PROBLEM TO SOLVE:
Transcribe exactly, leaving out pictures, the lines from the one that holds "merrell men's mqm" through the end of the data below, including both end lines and no others.

DATA SHOWN:
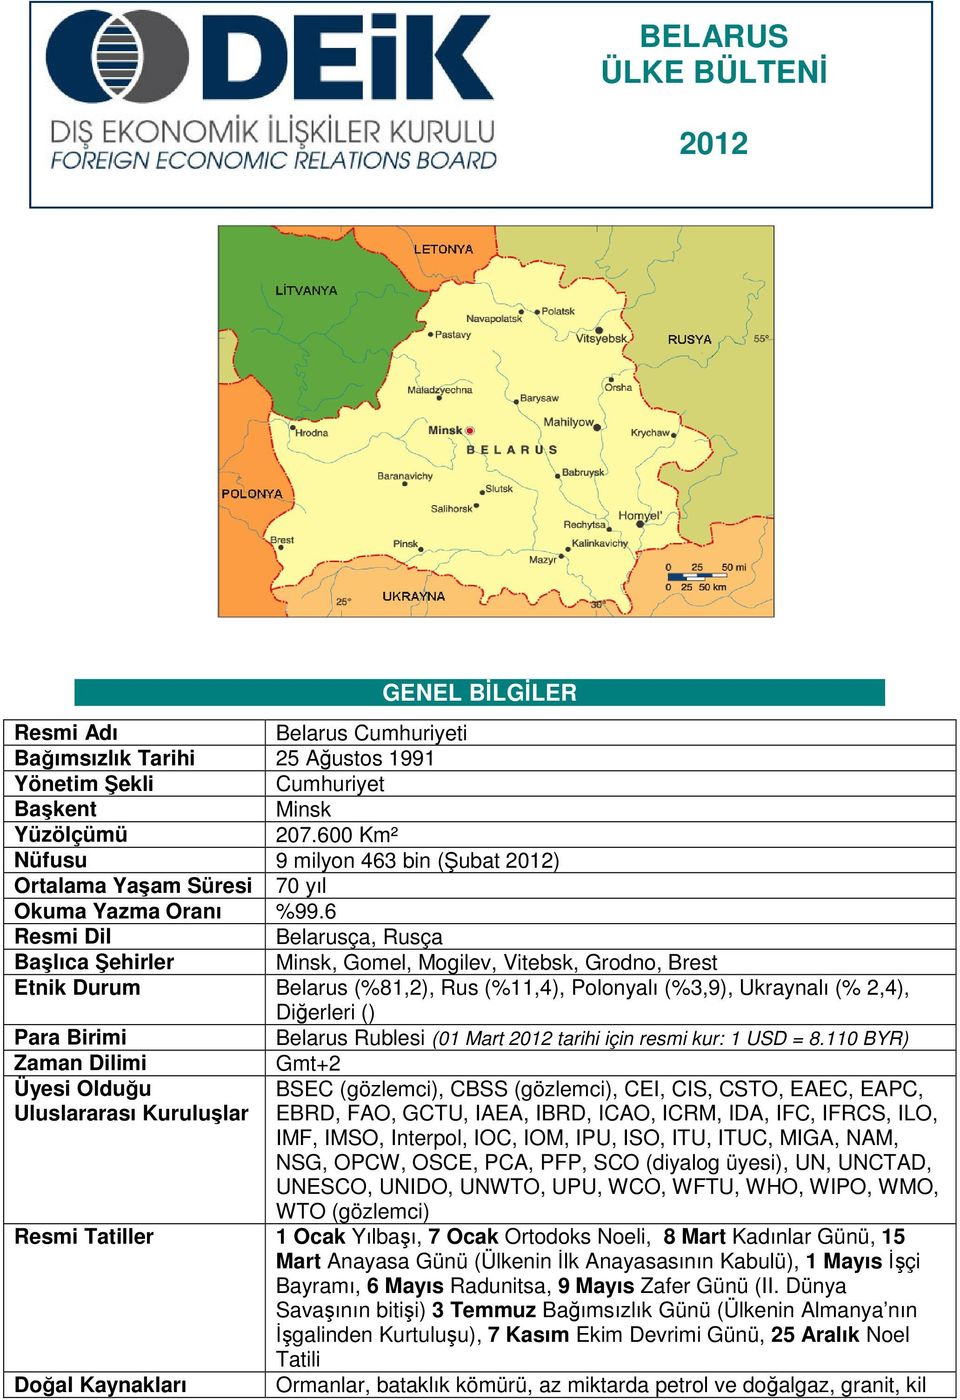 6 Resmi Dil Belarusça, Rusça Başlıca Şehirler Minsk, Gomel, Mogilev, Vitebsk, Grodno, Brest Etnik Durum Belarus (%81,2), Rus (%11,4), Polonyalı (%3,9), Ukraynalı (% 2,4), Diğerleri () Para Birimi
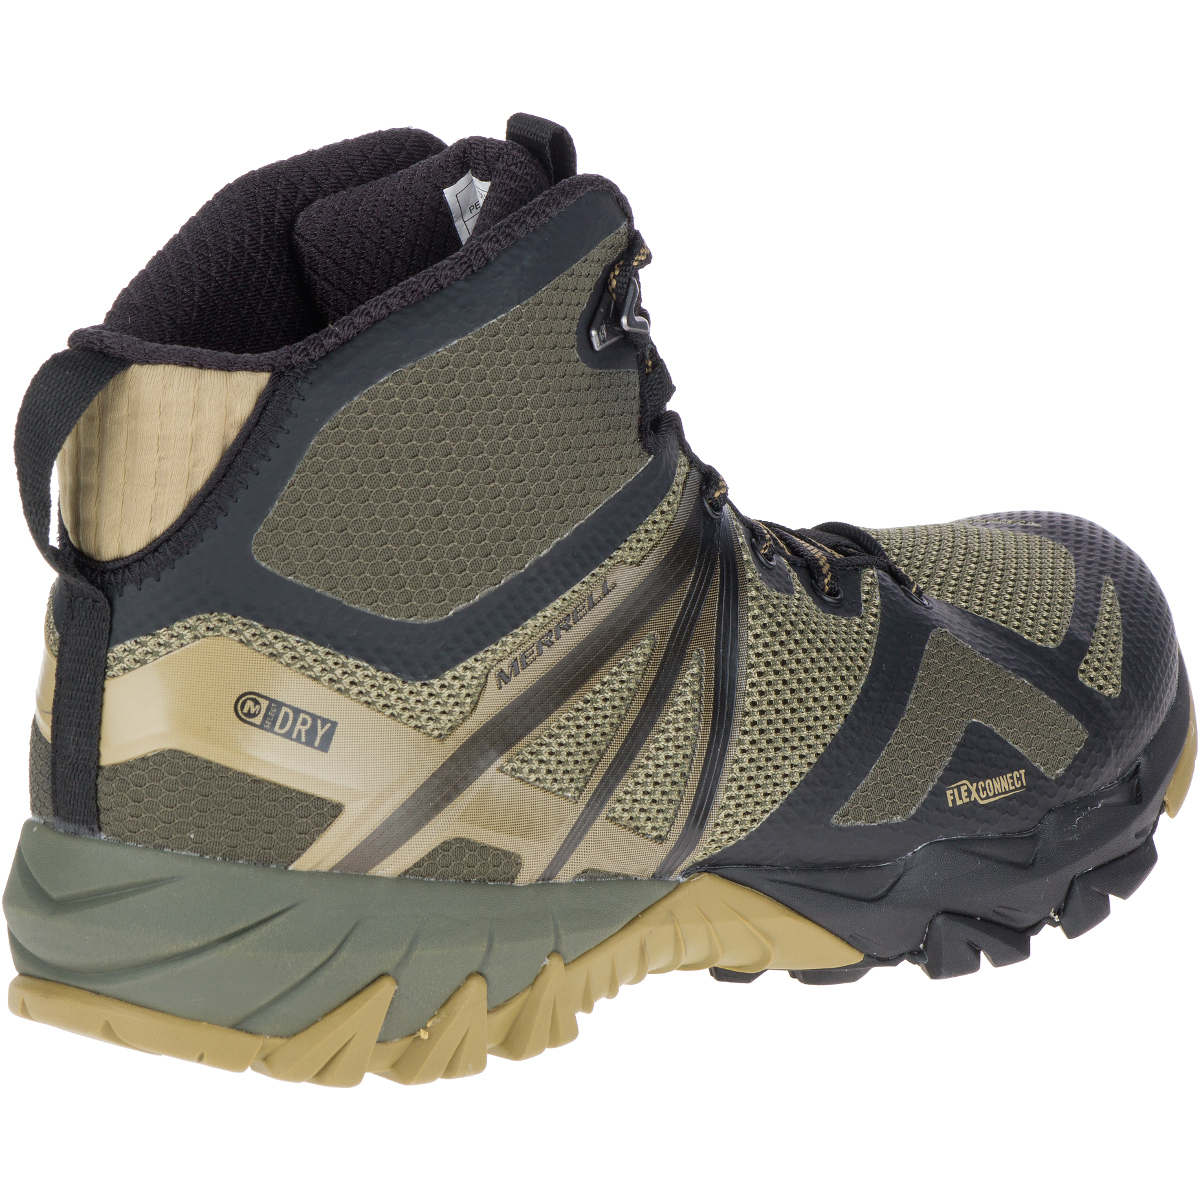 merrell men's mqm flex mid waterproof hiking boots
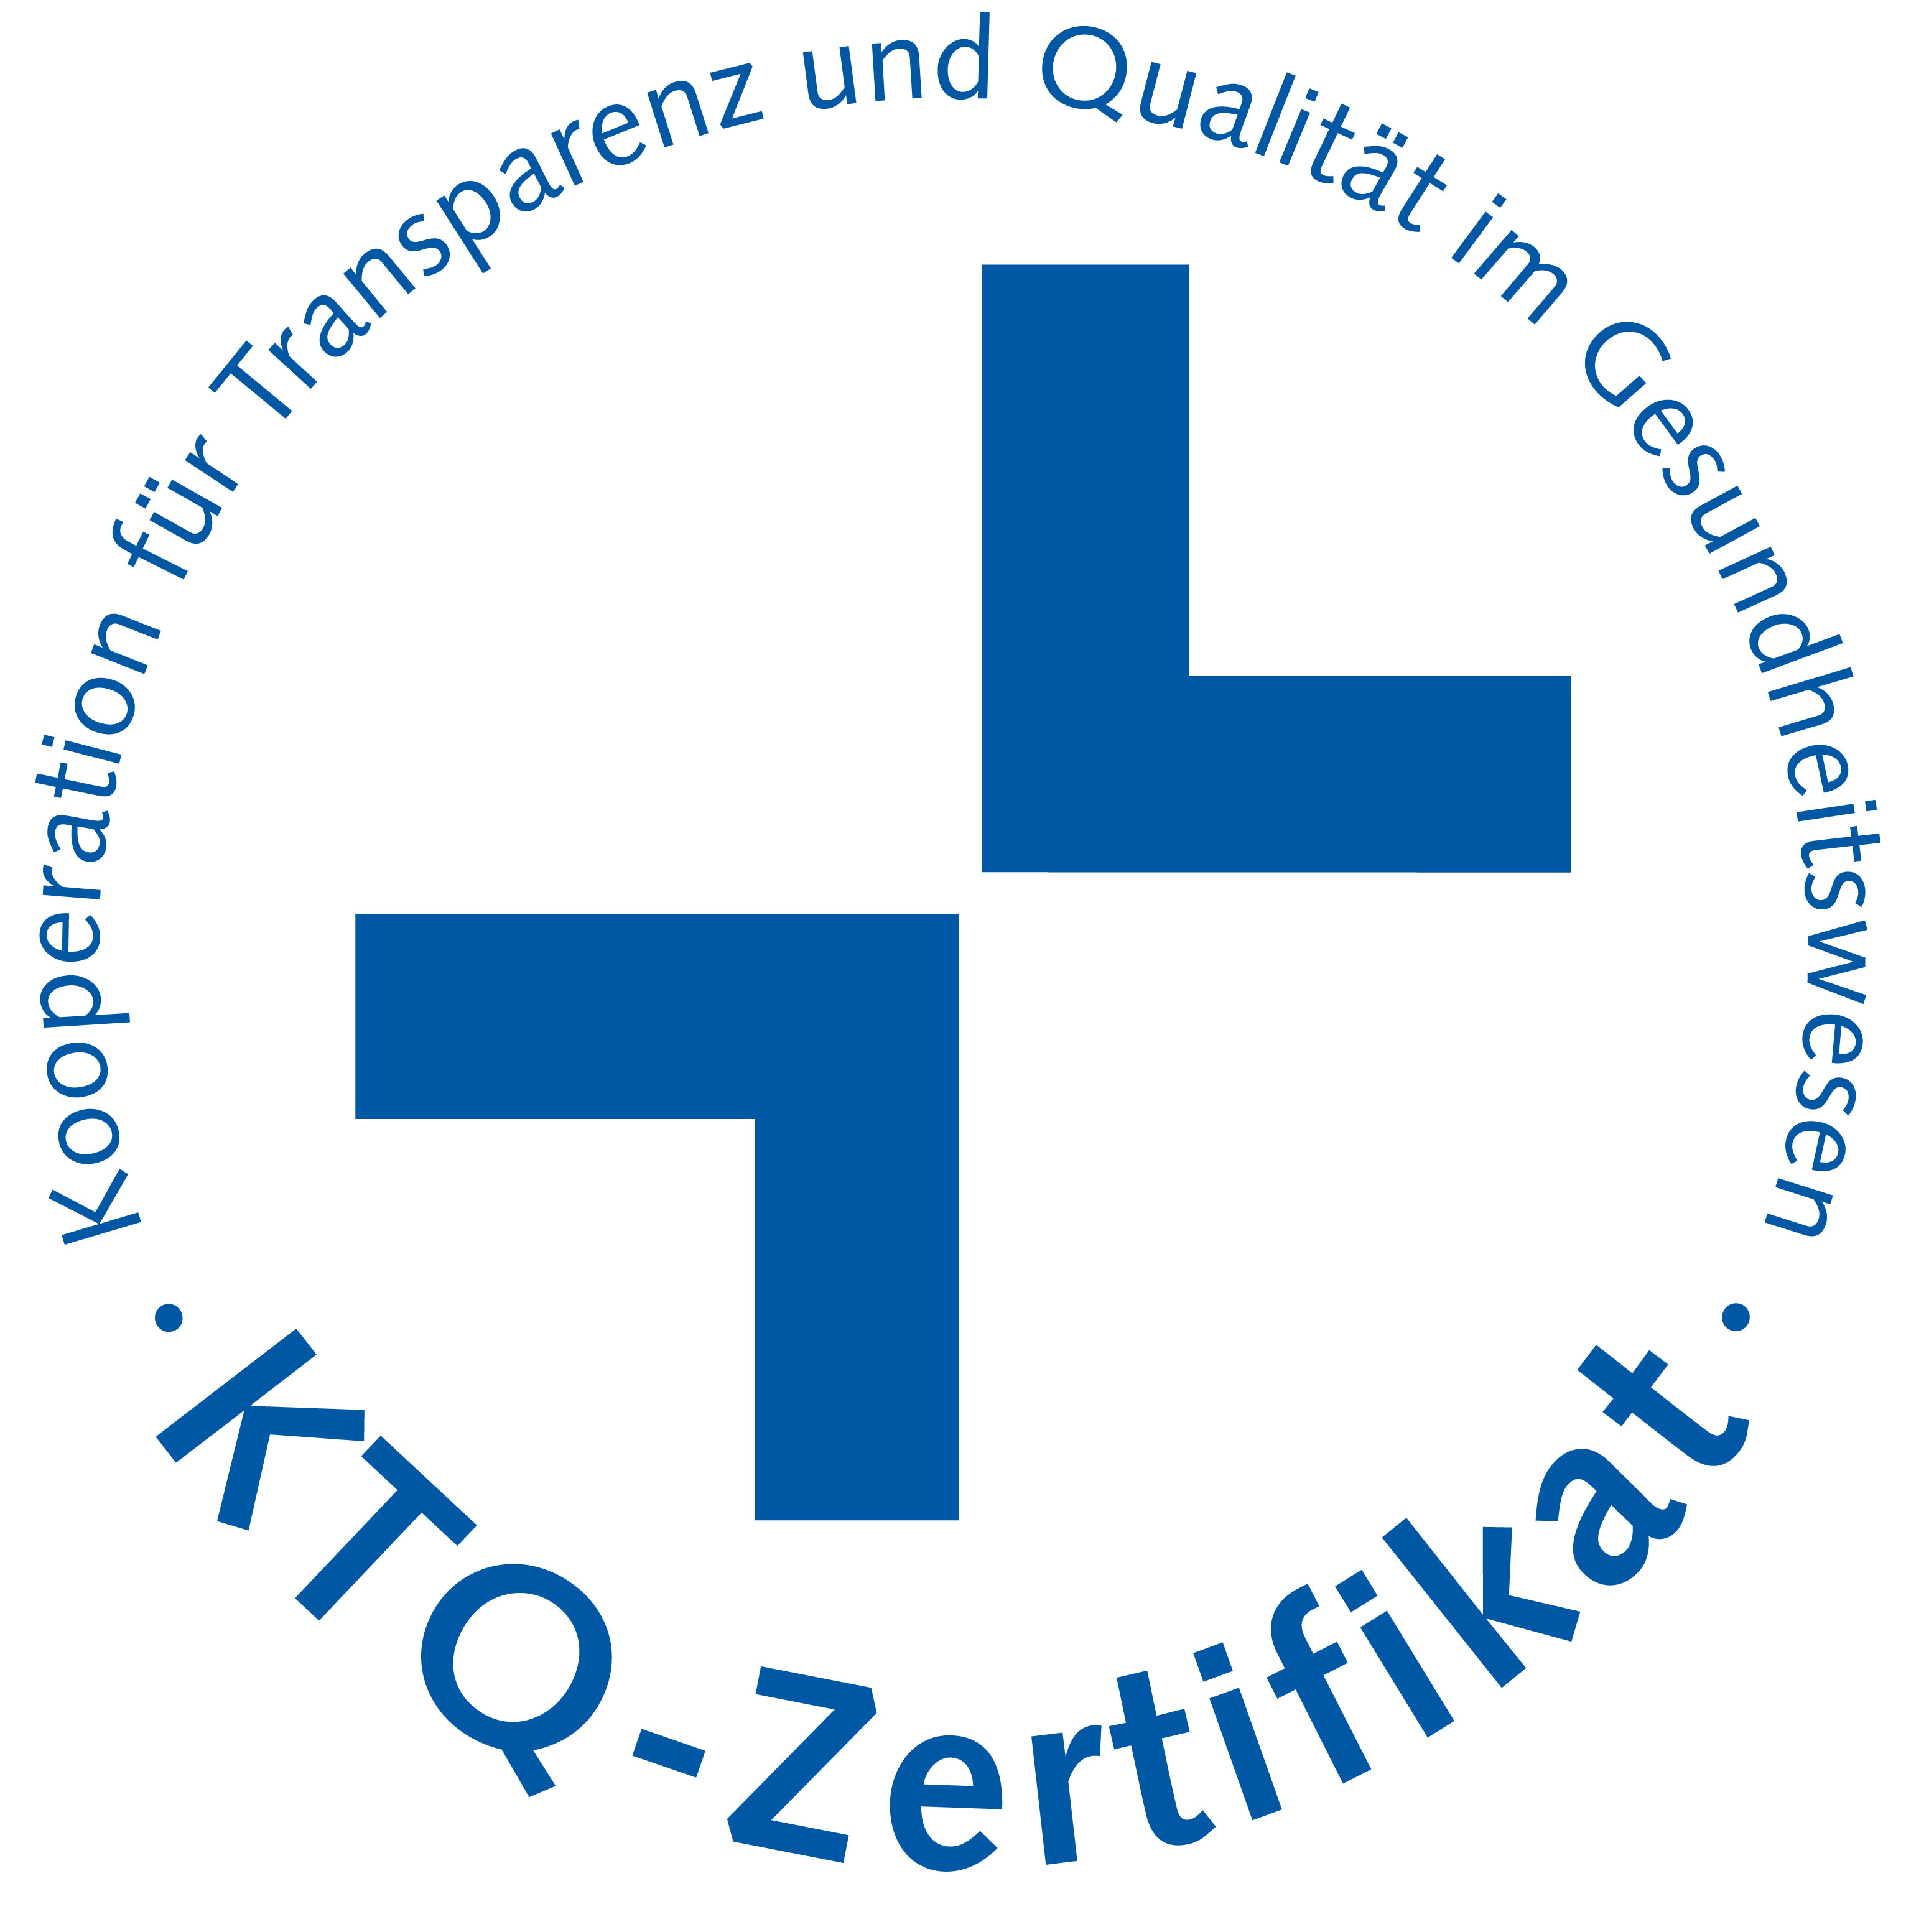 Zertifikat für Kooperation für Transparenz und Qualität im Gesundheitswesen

REPLY TO THE EXERCISE:
 merrell men's mqm flex mid waterproof hiking boots
 Zertifikat für Kooperation für Transparenz und Qualität im Gesundheitswesen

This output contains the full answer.